Everything was quiet on the flatlands below the Old Fort when he got there, an hour after the stabbing. Midway between the bluff that marked the rim of the hollow and the fringe of willows along the river, stood the long plank barracks of the imported hands. Smoke rose from the stovepipes that broke the expanse of its snow-covered roof; about one door was a maze of tracks and crosstracks; at a certain place, which was, say, seventy-five feet from the door, the snow was wallowed and flurried as though a heavy oxhide had been dragged across its surface; and right there a dark spot showed reddish brown against the white background.
However, no figures moved and no faces showed at the small windows as the chief and his men, having floundered down the hill, cautiously approached the silent building; and when he knocked on the door with the end of his hickory walking stick, and knocked and knocked again, meantime demanding admittance in the name of the law, no one answered his knock or his hail. Losing patience, he put his shoulder to the fastened door and, with a heave, broke it away from its hinges and its hasp, so that it fell inward.
Through the opening he took a look, then felt in his overcoat pocket for his gun, making ready to check a rush with revolver shots if needs be; but there was no rush. Within the place two hundred frightened, desperate men silently confronted him. Some who had pistols were wearing them now in plain sight. Others had knives and had produced them. All had picks and shovels—dangerous enough weapons at close quarters in the hands of men skilled in the use of them.

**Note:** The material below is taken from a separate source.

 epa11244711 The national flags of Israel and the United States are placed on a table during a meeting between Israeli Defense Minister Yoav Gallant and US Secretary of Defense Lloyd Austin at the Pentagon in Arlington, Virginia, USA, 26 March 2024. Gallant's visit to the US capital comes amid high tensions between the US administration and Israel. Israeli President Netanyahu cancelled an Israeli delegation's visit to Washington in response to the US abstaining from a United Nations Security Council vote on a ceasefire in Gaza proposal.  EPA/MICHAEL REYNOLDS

Had the big-hatted chief been wise in the ways of these men, he might peacefully have attained his object by opening his topcoat and showing his blue uniform, his brass buttons and his gold star; but naturally he did not think of that, and as he stood there before them, demanding of them, in a language they did not know, to surrender the guilty one, he was ulstered, like any civilian, from his throat to the tops of his rubber boots.